This post explains explicit data definitions and explians how they are leveraged to make integration safe and easy. Finally the post contrasts explicit data definitions with integration approaches which use implicitly defined data.
Many companies initially start with implicitly defined data. This means that the data is defined in application code without a shareable representation. The burden falls on the consumers to impose a structure and types on the data being emitted, which creates a fundamentally inequitable relationship.
The following diagram shows an example of implicitly defined data, and calls out a number of issues with it:
Implicit data is difficult to work with, presenting challenges along a number of dimensions:
- Discoverability: Definitions live in code and must be searched discovered through code search.
- Searchability: Finding specific instances of fields or data must also be searched through code search.
- Documentation: Code often lives defined in application code which means documentation most likely exists in application code as well.
- Policies: Implicitly defined code is hard to apply globaly policies such as pii/compliance. Are policies distributed as libraries? What happens if services don’t play by the rules or take a non compliant naming approach?
- Discovering Structure: Data can be dynamically created, or inconsistently created.
- Discoverying Types: Data types may be dynamically created, or inconsistently created.
Implicit data has a very real cost to organizations. Data consumers such as billing, usage, data science & security build up a dependency on implicit data, which is subject to change at any moment. Building business critical reporting use cases on implicit data is like building a house on sand, at some point it will fall over.
Implicit data is not auditable. It’s extremely hard to discover the structure of data being emitted, types, information contained, and understand privacy implications.
Explicit data definitions can be used to address these concerns, which promotes data as an explicitly encoded entity. The following shows an example of an explicit event defined using protocol buffers:
An explicit event lives on its own and is defined independent of any programming language or producer. Explicit events are shareable and strongly typed. The event listed above represents the data being communicated between two teams. It is a first class entity, containing an explicit structure and type. The data definition can be shared, talked about, validated, and used as a blueprint to create events in almost every programming language.
Using explicitly defined data benefits the integration process. During the integration teams can share ideas around data structure and types because they are explicitly encoded the data schema. Design conversations start with sketching out data structures. After a data format is agreed upon, teams can leverage the protocol buffers toolchain to generate language specific bindings (such as node.js and python client libraries) to generate the data using the explicit definition as a blueprint.
Integrating using explicit contracts was faster, safer, and cheaper than integrating using implicit data structures encoded in json. I can’t get over how much easier and safer it is to consume explitly defined data. The image below shows explicitly defined data consumption on the left side an implicit data consumption on the right side.
The right hand side contains one snippet from an entire file. The logic involved with handling implicit data (if this field exists, if it’s this type, if this value is an object, if the object has a key, etc etc), is a huge time sink and introduces a huge risk vector for bugs. Contrast this with the snippet on the left, which leverages an explicit data schema. It’s 2 LINES LONG! If the data or types are invalid an exception is raised on deserialization!
I believe that all data deployments can benefit from explicitly defined data, with schema on write enforced as close to the publisher as feasible. Explicitly defined data supports privacy, discoverability, audibility and contractual compliance, while controlling costs.
Enforceability supports correctness. Data is either valid against an explicit specification or it is invalid. No ambiguity can exist. Structure types makes data easy to reason about and to work with. This differs from using JSON to implicitly define data (which is super common in the industry and completely normal). Once an oraginization reaches a size in terms of number of teams, services and data volumes implicitly defined data becomes untenable.
Businesses need to enforce privacy, PII and contractual compliance. Explicitly defined data provides companies a hook to define metadata such as annotating the data as customer data or customer usage data, and annotating individual fields as pii. Since the data is explicit companies can then use the definition to apply policies programmatically to the data early in its creation lifecycle.

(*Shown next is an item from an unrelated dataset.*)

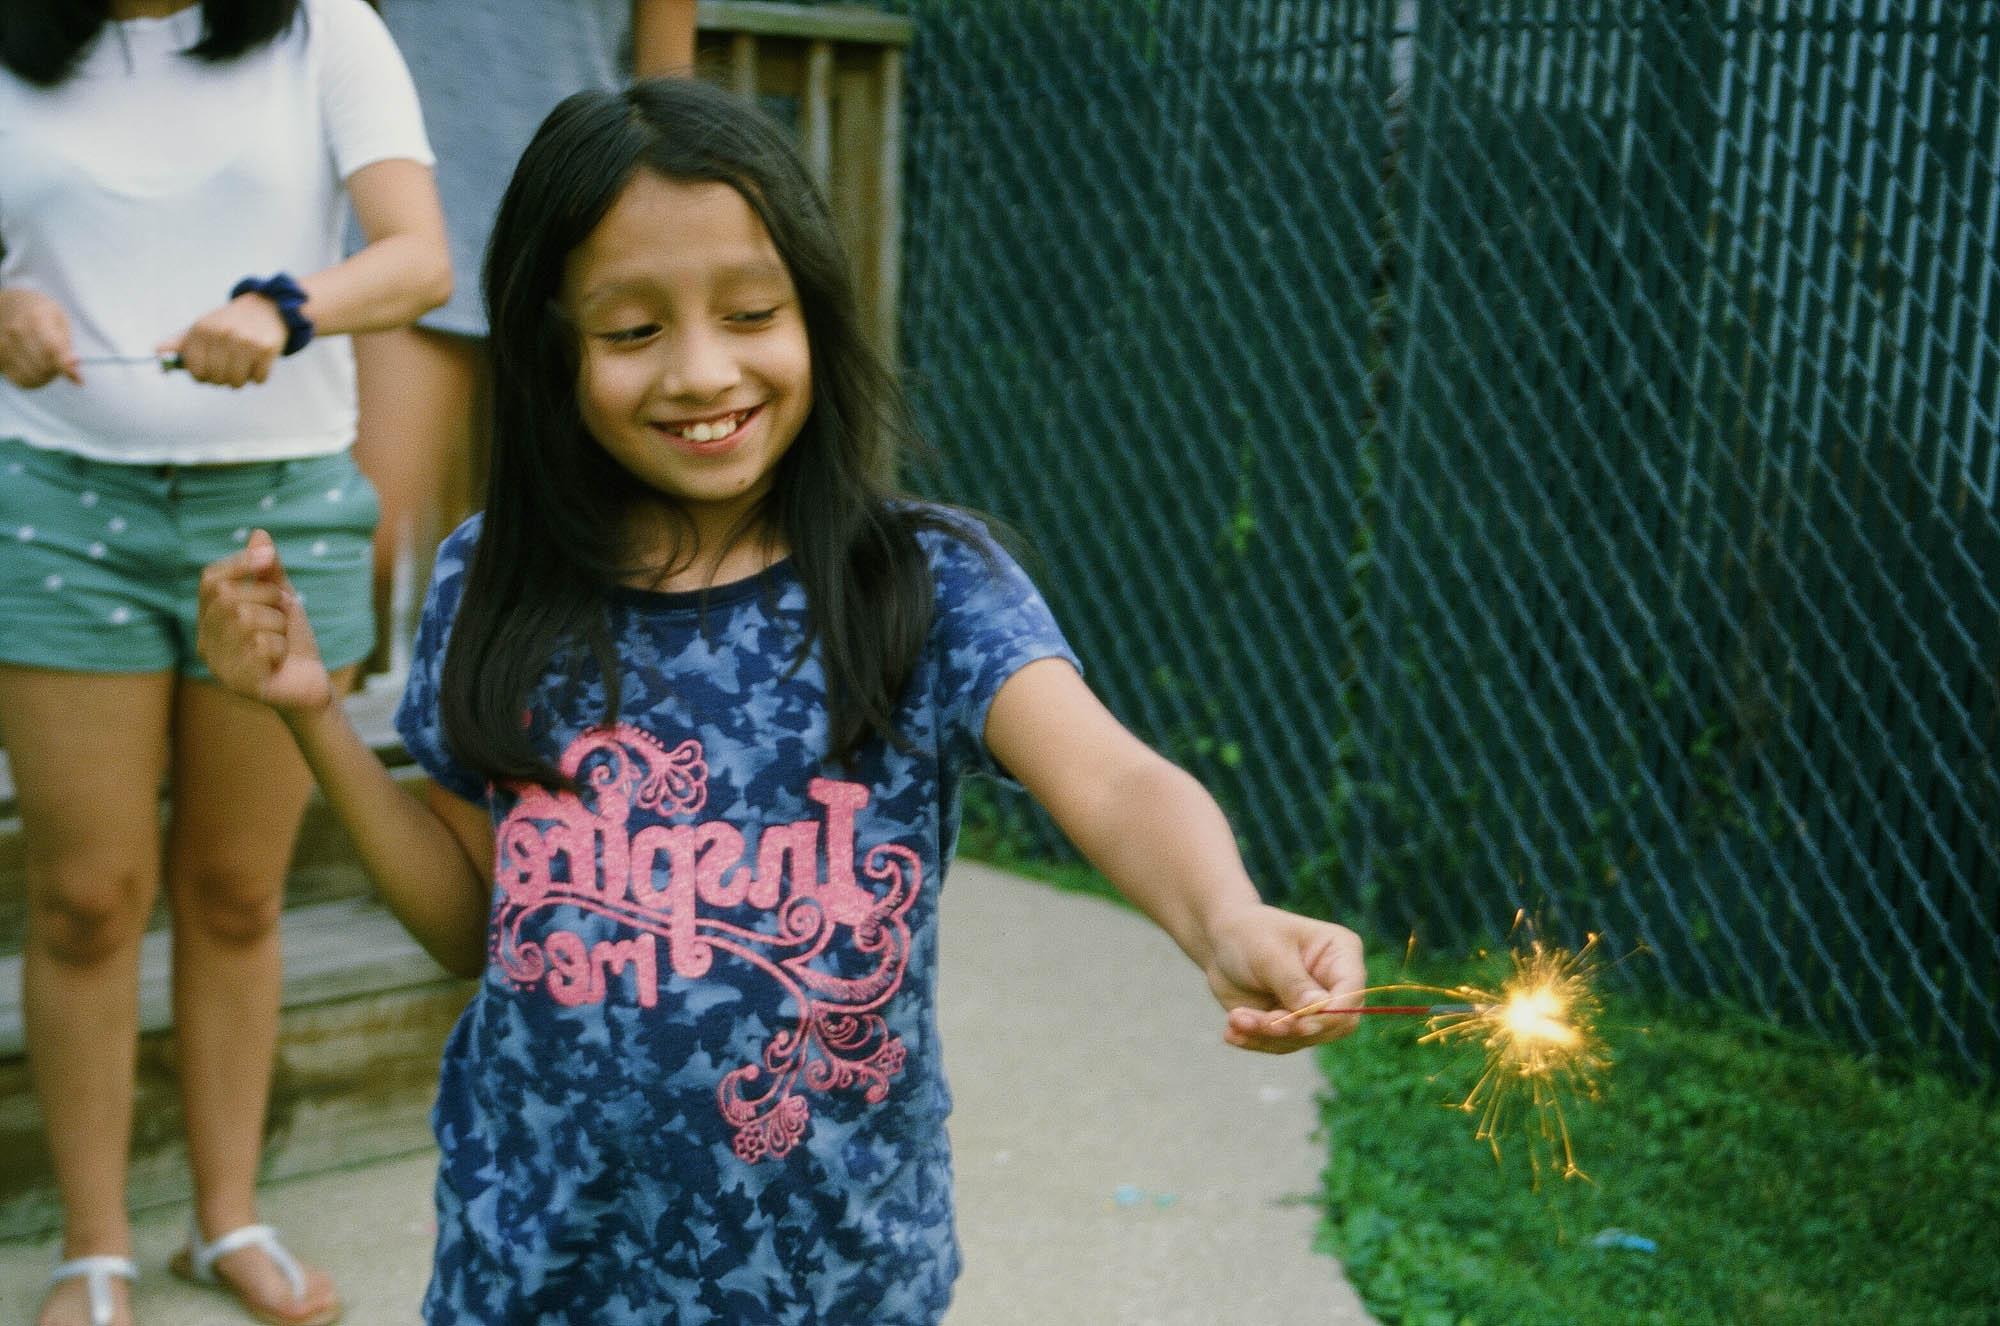 This is a 4th of July photo taken on the new Kodak Ektachrome 100.

Explicitly defined data makes it trivial to generate documentation. It also allows us to publish definitions to a centralized and searchable index. This makes it easy for stakeholders or compliance to audit our data definitions.

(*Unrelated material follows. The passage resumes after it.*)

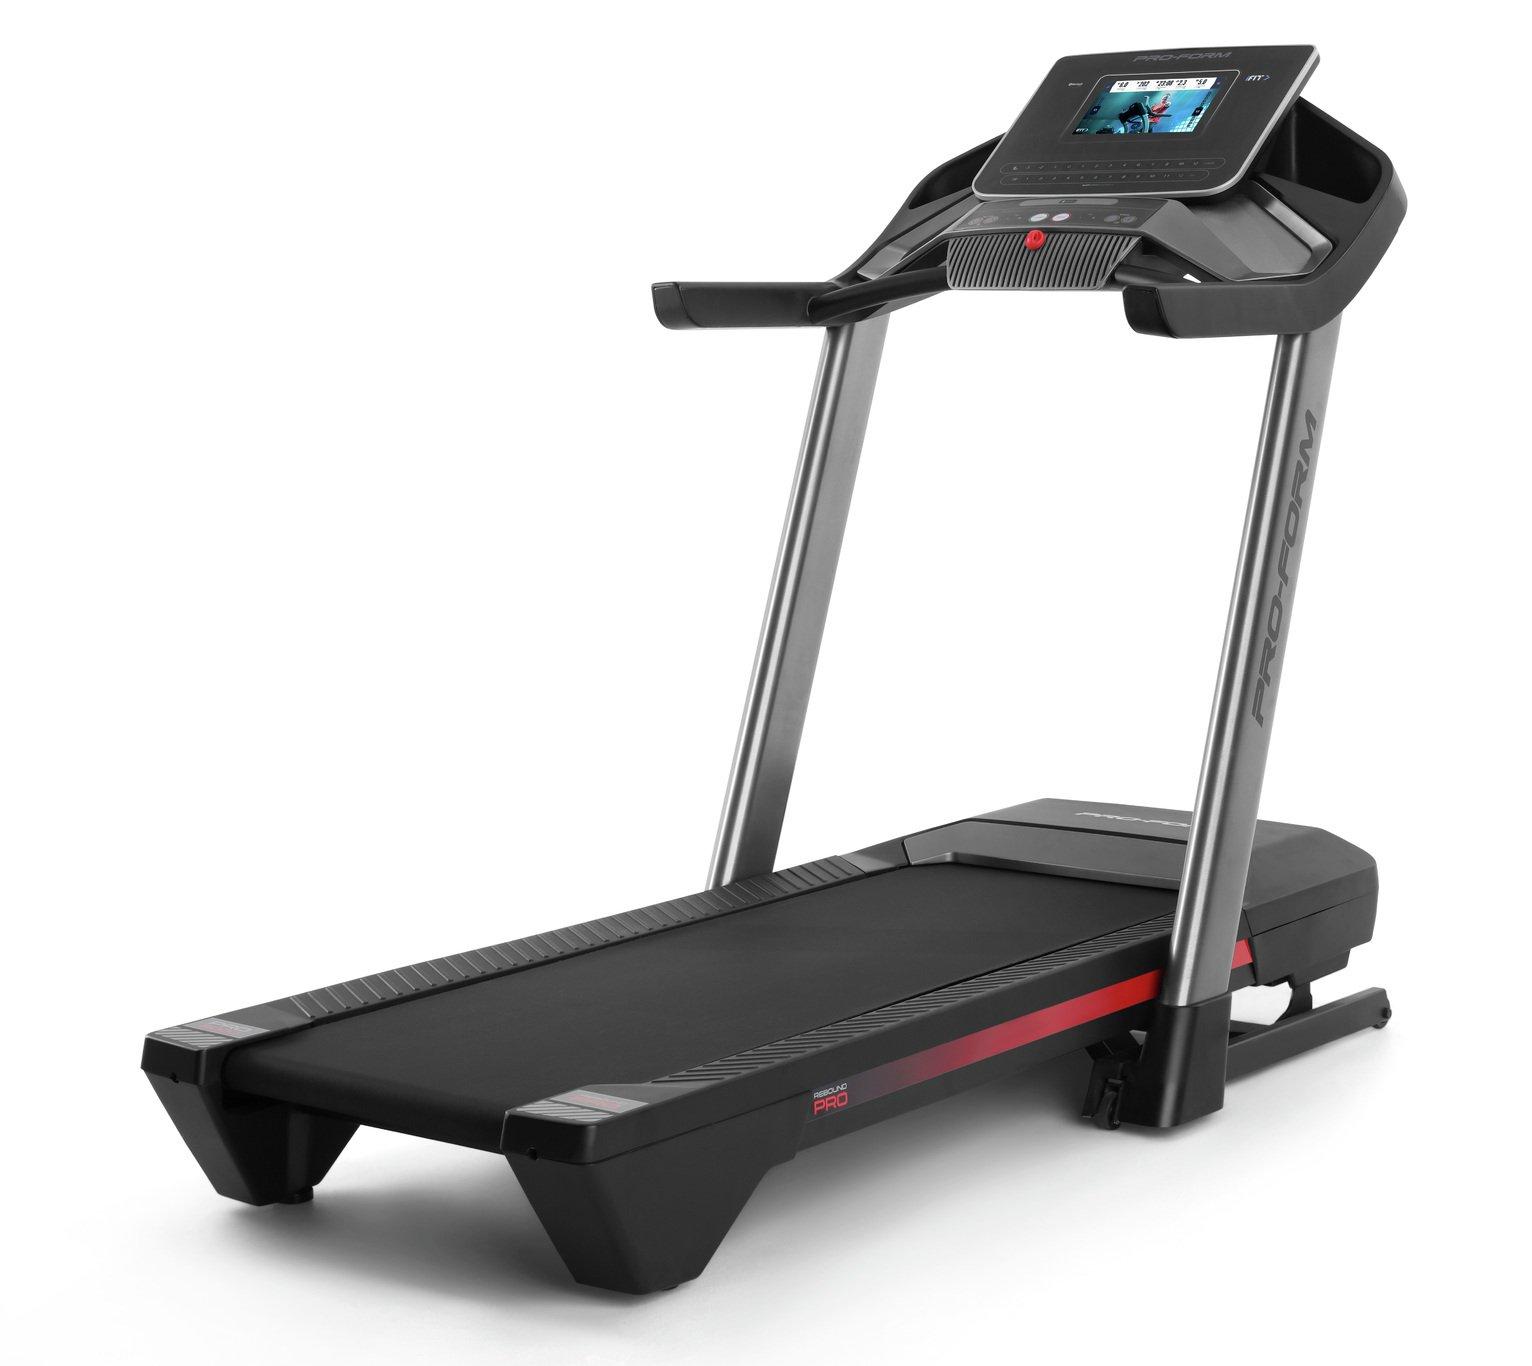 ProForm New Pro 2000 Treadmill

Contrast this with implicit data definitions. It’s extremely difficult to document and discover data before it is created. Implicit data is not easily documentable until the data is in motion (either in kinesis or kafka) or is landed in s3. This is because the definition of the data is dynamically created and lives within individual services.
Explicitly defined data is trivial to convert to a cost optimized version such as parquet. Often companies being by storing almost data as gzipped json files on blob storage. As data volumes grow companies can leverage tools such as Presto/Athena to expose near real time exploratory analysis and batch workloads, at a low cost.
But companies can only do this if our data has a fixed schema. Implicit data is untyped and dynamic which prohibits us from reliably leveraging cost and read optimized storage solutions such as parquet.
Implicitly defined data is an intuitive way to start a service or project, but at a certain size it begins to fall apart. Explicitly defined data provides an alternative which makes it simple to produce and parse data from multiple programming langauages. The state of data tooling (such as protocol buffers) adds minimal overhead to development and deployment while providing all the benefits of explicitly typed data.